Collected data
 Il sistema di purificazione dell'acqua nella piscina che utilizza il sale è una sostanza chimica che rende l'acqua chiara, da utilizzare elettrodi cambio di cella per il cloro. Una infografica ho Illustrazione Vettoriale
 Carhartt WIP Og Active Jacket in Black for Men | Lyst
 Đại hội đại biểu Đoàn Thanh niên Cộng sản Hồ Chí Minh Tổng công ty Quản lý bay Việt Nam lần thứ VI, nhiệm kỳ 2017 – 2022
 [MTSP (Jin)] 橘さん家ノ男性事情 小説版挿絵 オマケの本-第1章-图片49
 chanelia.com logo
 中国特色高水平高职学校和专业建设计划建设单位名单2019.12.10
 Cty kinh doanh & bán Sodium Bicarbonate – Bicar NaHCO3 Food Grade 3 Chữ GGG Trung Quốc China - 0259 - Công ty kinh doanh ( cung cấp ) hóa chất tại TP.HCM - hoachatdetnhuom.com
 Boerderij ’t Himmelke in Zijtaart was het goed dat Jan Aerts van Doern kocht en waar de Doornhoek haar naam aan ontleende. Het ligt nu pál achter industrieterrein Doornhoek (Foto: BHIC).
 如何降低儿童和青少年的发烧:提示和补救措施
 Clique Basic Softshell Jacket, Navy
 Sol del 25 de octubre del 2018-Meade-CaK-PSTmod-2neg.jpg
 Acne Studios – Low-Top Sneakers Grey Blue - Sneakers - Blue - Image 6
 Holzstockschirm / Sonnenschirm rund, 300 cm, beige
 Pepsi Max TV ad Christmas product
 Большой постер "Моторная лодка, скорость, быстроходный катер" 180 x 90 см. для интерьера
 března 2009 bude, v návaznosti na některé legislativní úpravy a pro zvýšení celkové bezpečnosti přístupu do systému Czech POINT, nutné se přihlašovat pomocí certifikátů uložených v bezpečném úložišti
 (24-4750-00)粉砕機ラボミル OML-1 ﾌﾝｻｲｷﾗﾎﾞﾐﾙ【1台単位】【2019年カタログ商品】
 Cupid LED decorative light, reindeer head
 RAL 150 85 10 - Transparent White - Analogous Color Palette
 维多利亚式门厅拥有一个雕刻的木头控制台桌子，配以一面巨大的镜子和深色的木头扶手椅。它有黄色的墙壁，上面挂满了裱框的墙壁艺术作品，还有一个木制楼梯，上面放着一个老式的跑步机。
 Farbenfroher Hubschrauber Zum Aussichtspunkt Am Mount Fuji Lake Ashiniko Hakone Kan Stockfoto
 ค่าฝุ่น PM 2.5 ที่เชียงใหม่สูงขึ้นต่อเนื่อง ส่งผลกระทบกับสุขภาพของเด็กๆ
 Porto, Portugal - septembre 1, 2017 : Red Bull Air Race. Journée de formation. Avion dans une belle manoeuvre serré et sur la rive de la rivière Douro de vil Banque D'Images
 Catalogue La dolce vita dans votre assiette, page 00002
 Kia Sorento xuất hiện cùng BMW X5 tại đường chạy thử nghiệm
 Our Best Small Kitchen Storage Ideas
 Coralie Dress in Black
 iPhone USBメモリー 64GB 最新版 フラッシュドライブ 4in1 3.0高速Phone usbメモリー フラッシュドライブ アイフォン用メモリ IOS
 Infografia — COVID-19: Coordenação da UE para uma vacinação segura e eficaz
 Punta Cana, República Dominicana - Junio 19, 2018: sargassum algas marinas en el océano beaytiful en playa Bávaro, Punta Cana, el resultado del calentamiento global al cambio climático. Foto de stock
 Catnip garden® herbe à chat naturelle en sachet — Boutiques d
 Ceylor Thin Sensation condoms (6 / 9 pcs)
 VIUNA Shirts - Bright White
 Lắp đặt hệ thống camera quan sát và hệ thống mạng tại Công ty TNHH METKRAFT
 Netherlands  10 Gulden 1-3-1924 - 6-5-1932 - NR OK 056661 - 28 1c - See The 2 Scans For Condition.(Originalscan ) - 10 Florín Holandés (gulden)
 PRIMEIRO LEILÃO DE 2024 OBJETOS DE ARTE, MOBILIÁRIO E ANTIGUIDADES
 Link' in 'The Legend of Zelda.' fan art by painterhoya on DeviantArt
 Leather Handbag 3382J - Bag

Aim of the exercise
Above are the records; repeat exactly the lines from the one holding "Sol del 25 de" down to the one holding "Infografia — COVID-19: Coordenação", end lines included.

Response to the task
 Sol del 25 de octubre del 2018-Meade-CaK-PSTmod-2neg.jpg
 Acne Studios – Low-Top Sneakers Grey Blue - Sneakers - Blue - Image 6
 Holzstockschirm / Sonnenschirm rund, 300 cm, beige
 Pepsi Max TV ad Christmas product
 Большой постер "Моторная лодка, скорость, быстроходный катер" 180 x 90 см. для интерьера
 března 2009 bude, v návaznosti na některé legislativní úpravy a pro zvýšení celkové bezpečnosti přístupu do systému Czech POINT, nutné se přihlašovat pomocí certifikátů uložených v bezpečném úložišti
 (24-4750-00)粉砕機ラボミル OML-1 ﾌﾝｻｲｷﾗﾎﾞﾐﾙ【1台単位】【2019年カタログ商品】
 Cupid LED decorative light, reindeer head
 RAL 150 85 10 - Transparent White - Analogous Color Palette
 维多利亚式门厅拥有一个雕刻的木头控制台桌子，配以一面巨大的镜子和深色的木头扶手椅。它有黄色的墙壁，上面挂满了裱框的墙壁艺术作品，还有一个木制楼梯，上面放着一个老式的跑步机。
 Farbenfroher Hubschrauber Zum Aussichtspunkt Am Mount Fuji Lake Ashiniko Hakone Kan Stockfoto
 ค่าฝุ่น PM 2.5 ที่เชียงใหม่สูงขึ้นต่อเนื่อง ส่งผลกระทบกับสุขภาพของเด็กๆ
 Porto, Portugal - septembre 1, 2017 : Red Bull Air Race. Journée de formation. Avion dans une belle manoeuvre serré et sur la rive de la rivière Douro de vil Banque D'Images
 Catalogue La dolce vita dans votre assiette, page 00002
 Kia Sorento xuất hiện cùng BMW X5 tại đường chạy thử nghiệm
 Our Best Small Kitchen Storage Ideas
 Coralie Dress in Black
 iPhone USBメモリー 64GB 最新版 フラッシュドライブ 4in1 3.0高速Phone usbメモリー フラッシュドライブ アイフォン用メモリ IOS
 Infografia — COVID-19: Coordenação da UE para uma vacinação segura e eficaz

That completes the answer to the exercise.